Below is an example. This Dockerfile uses a ruby base image. The bulk of the Dockerfile contains commands to add libraries and packages needed to build or run the application. If you know about BuildKit, you can configure these commands to optimize for cache utilization and other features. The last part of a Dockerfile is what runs by default when we launch the image.

FROM ruby:2.6.6-alpine3.12 

# Install tools
RUN apk add --no-cache --update
    tool=v1.2.3 \
    more-tools=v3.4.5 \
    extra-tools=v6.7.8 

# Setup non-root user
RUN addgroup -g 1000 -S app && adduser -u 1000 -S -D -G app app

# Create some folders, install bundler, configure bundler, run bundle install, move some files around, set some environment variables, configure yarn, configure registry access, …

# Example of a cache-optimized command 
RUN --mount=type=cache,uid=1000,gid=1000,target=/app/.cache/yarn \
    --mount=type=cache,uid=1000,gid=1000,target=/app/.cache/node_modules \
    --mount=type=cache,uid=1000,gid=1000,target=/app/tmp/cache \
    yarn install --check-files --non-interactive --production --modules-folder /app/.cache/node_modules --verbose && \
    cp -ar /app/.cache/node_modules node_modules && \
    SECRET_KEY_BASE=some-secret-key-base bundle exec rails assets:precompile

ENV PORT 8080
EXPOSE 8080

CMD ["bundle", "exec", "rails", "server"]

What are Buildpacks?

If you’ve ever used Heroku or Cloud Foundry, then you’ve already used buildpacks.

A buildpack is a program that turns source code into a runnable container image. Usually, buildpacks encapsulate a single language ecosystem toolchain. There are buildpacks for Ruby, Go, NodeJs, Java, Python, and more.

These buildpacks can be grouped together into collections called a builder. In a builder, each buildpack will inspect the application source code and detect if it should participate in the build process. For example, a Go buildpack would look for files ending in *.go, while a Ruby buildpack would look for *.rb files. Once a buildpack (or set of buildpacks) has matched, it moves on to the build step. That’s when the buildpack does its job.
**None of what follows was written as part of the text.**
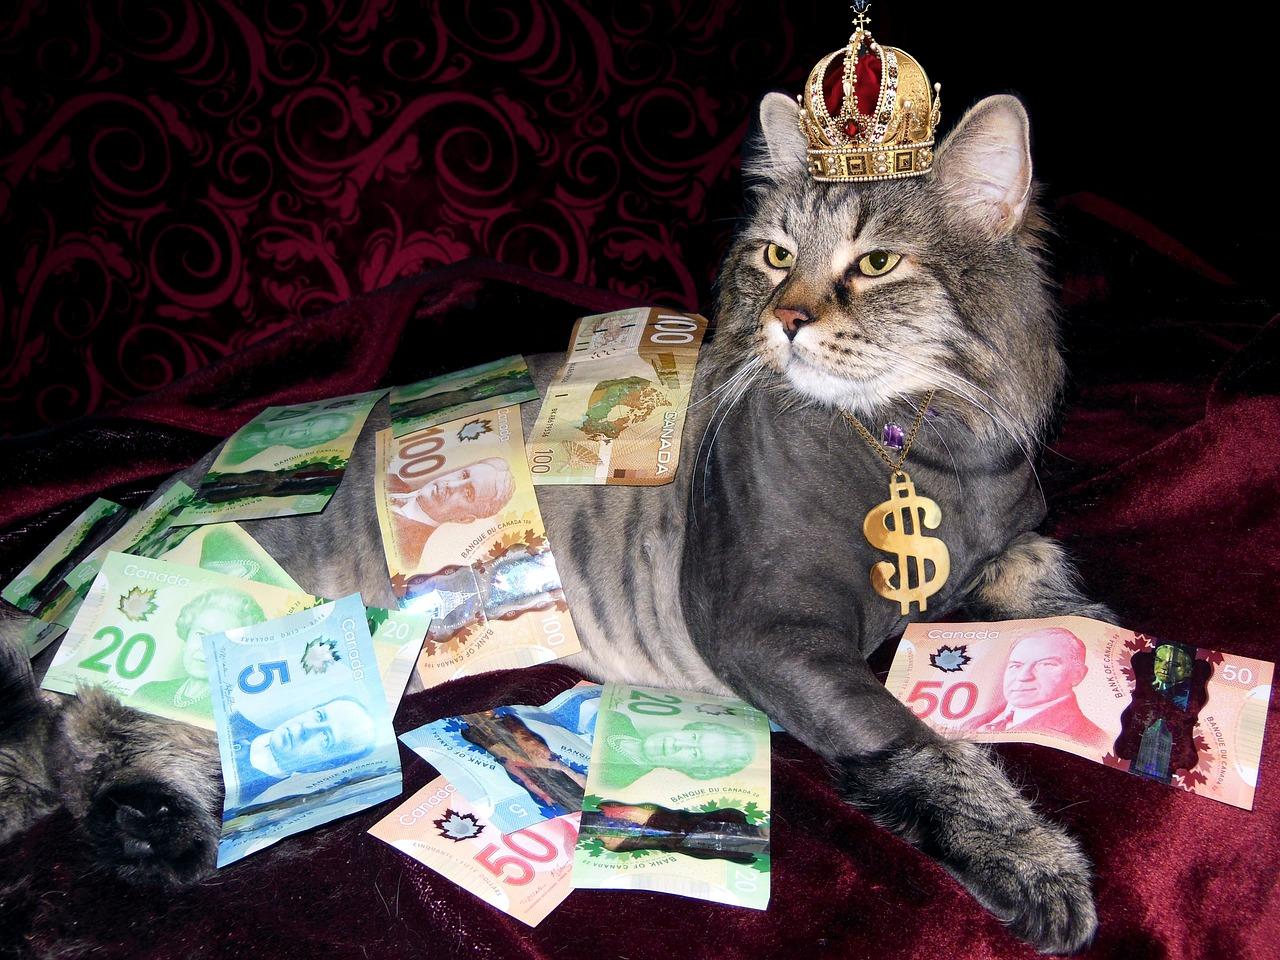 日本円を現地通貨に換金する3つの方法 1番ラクで得なのは海外送金?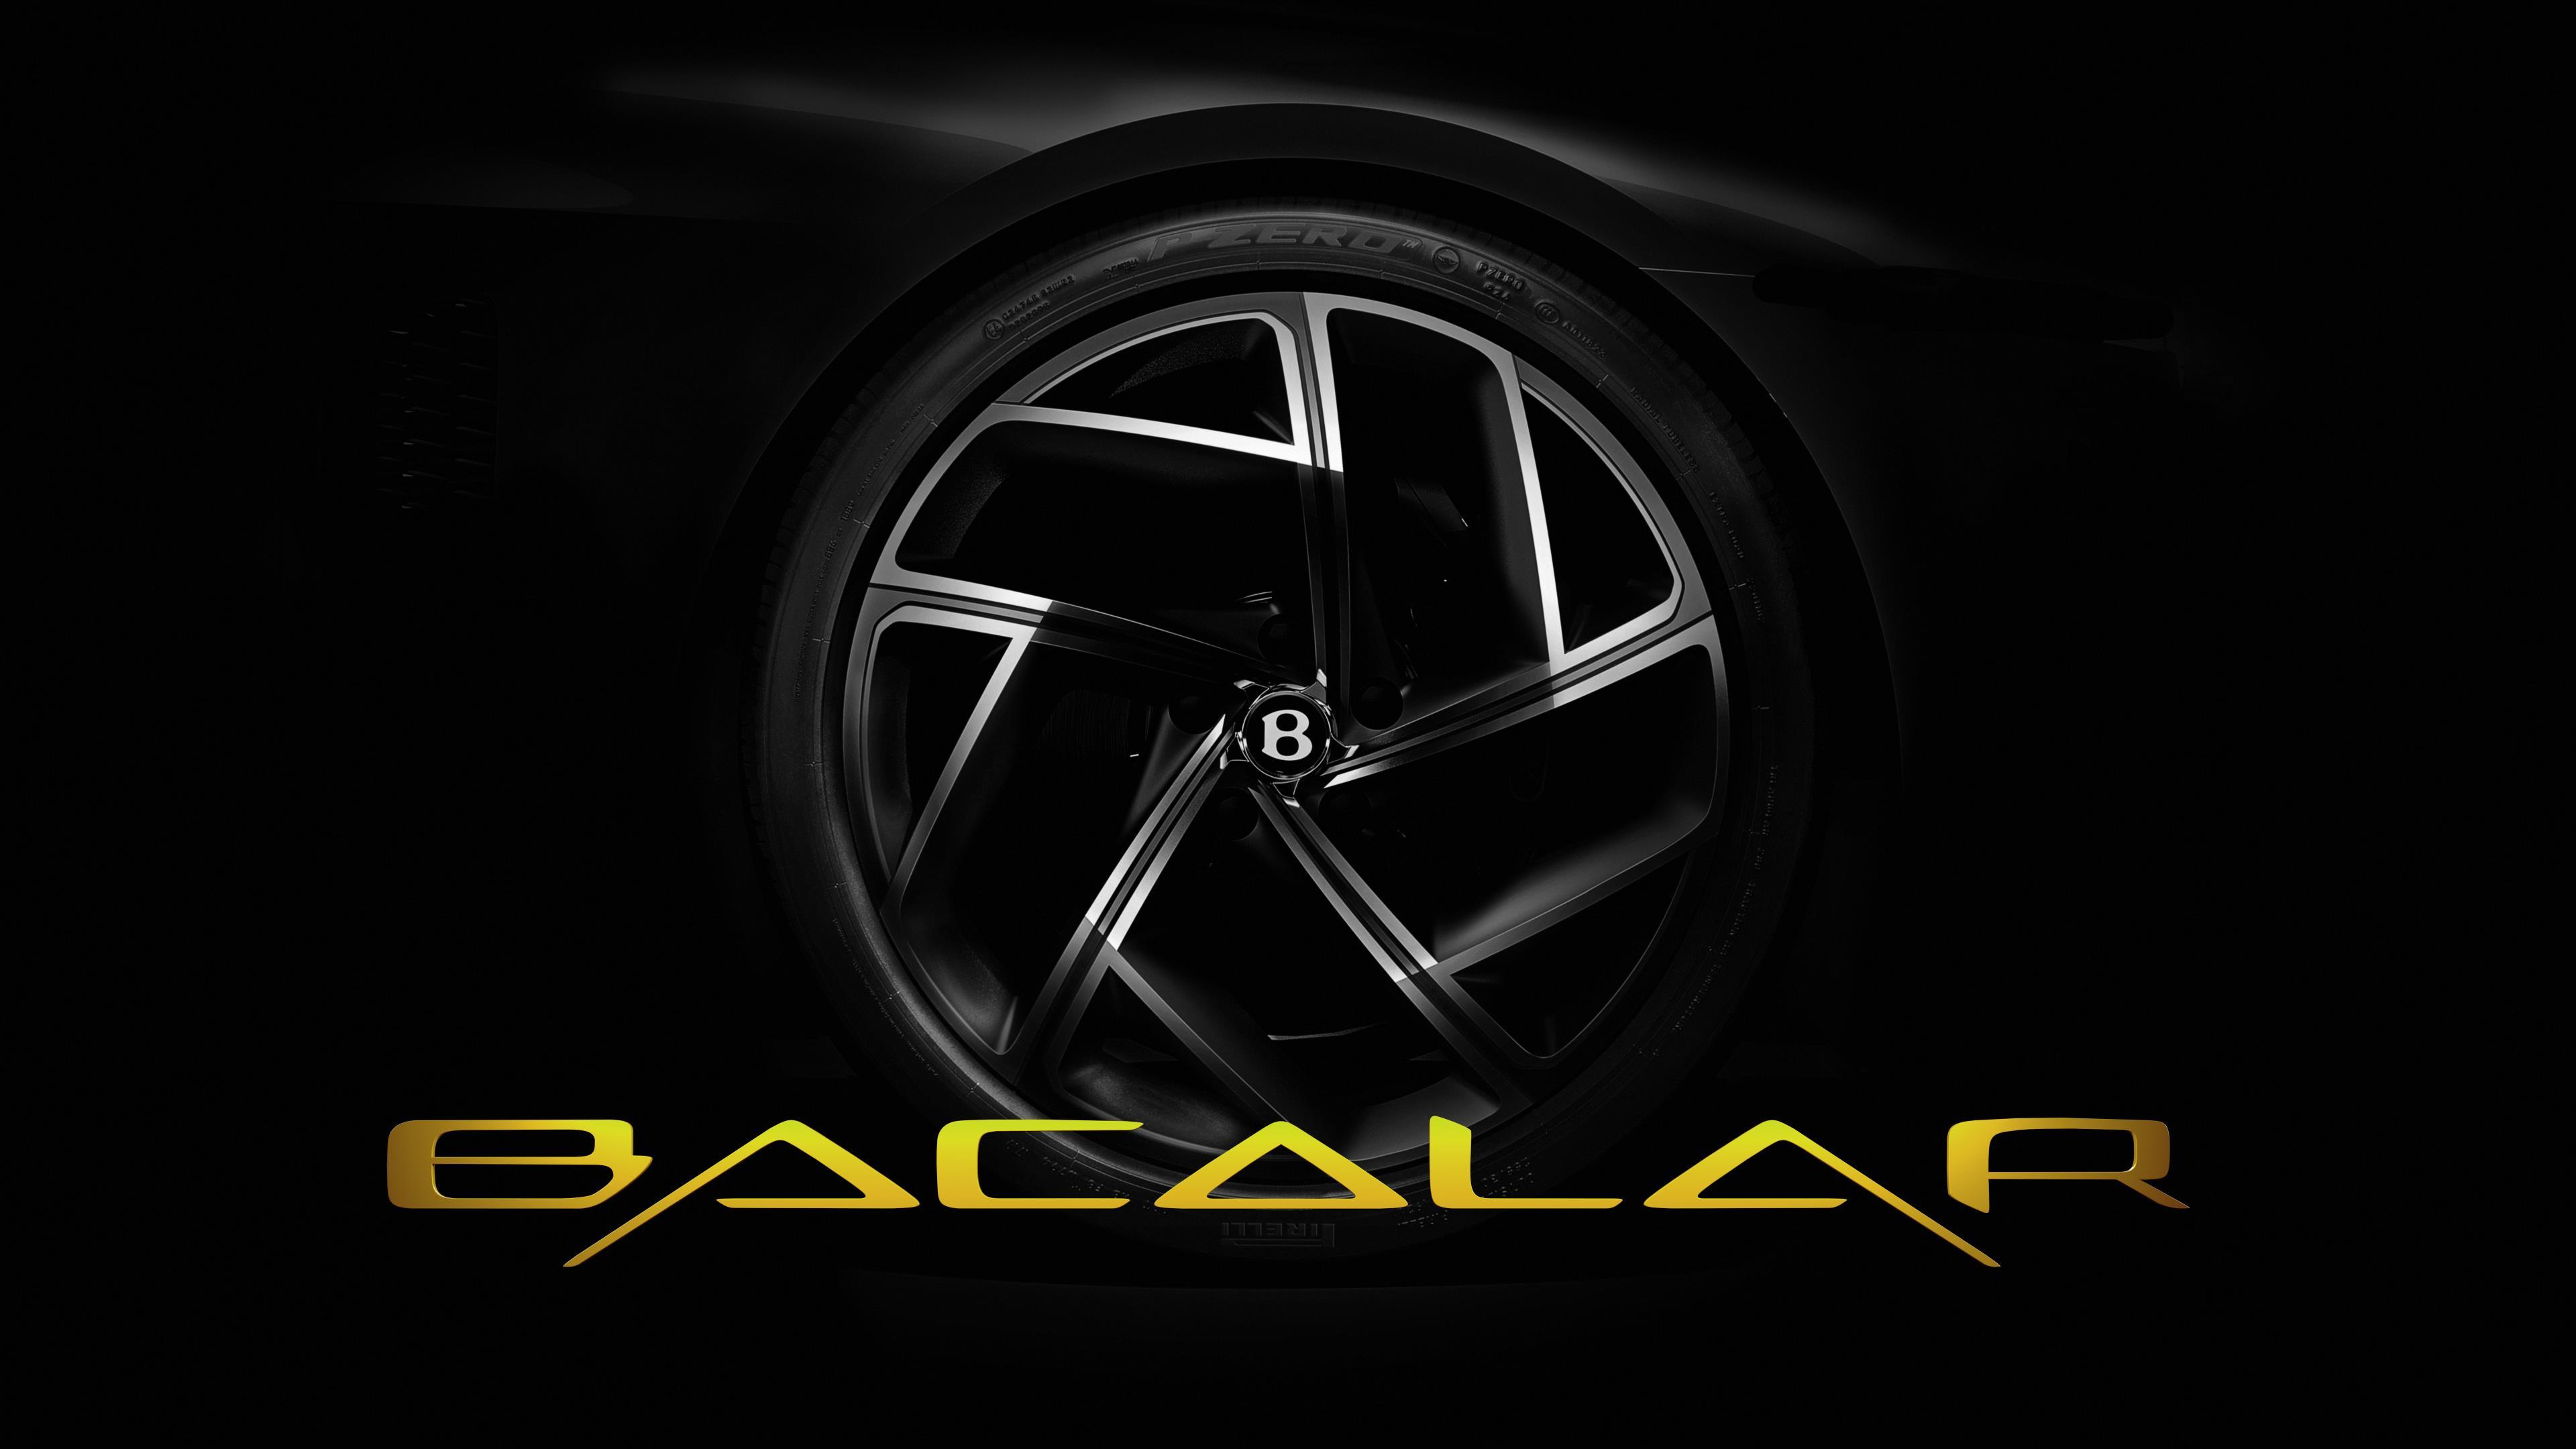 Bentley Bacalar: Geneva 2020 Surprise from Mulliner

It might add a layer to the container image that contains a dependency, like the Go distribution, or it runs a command, like go build.

Conceptually, a builder works like this: each buildpack detects whether it should participate in the build process, and when a match is found, it contributes to the image.

There are a few places to find buildpacks these days. Heroku, the originator of the buildpack idea, has their own repository. Recently, Google has started integrating buildpacks into many of their cloud products. We chose to use Paketo buildpacks for our platform for a few reasons. The Paketo project is open source, backed by the Cloud Foundry foundation, and has a full-time core development team that is sponsored by VMware. They’ve chosen to create many small, modular buildpacks that can be mixed, matched, and extended to serve a lot of different use cases. Underneath the covers, the Paketo buildpacks implement the Cloud Native Buildpacks specification, meaning that we can write our own or find buildpacks from different projects that might fit other needs. They’re also really focused on building out a broad community around buildpacks. In fact, we’ve already contributed our first buildpack to the Ruby ecosystem!

Paketo has their own set of reference builders (tiny, base, or full) that include support for Java, .NET Core, NodeJS, Go, PHP, Ruby, and static file deployments using NGINX or Apache HTTPD. For our platform, we wanted to tailor the set of available buildpacks to those we are using to build our applications. To do this, we created a custom builder. Our builder includes the Go and Ruby Paketo buildpacks.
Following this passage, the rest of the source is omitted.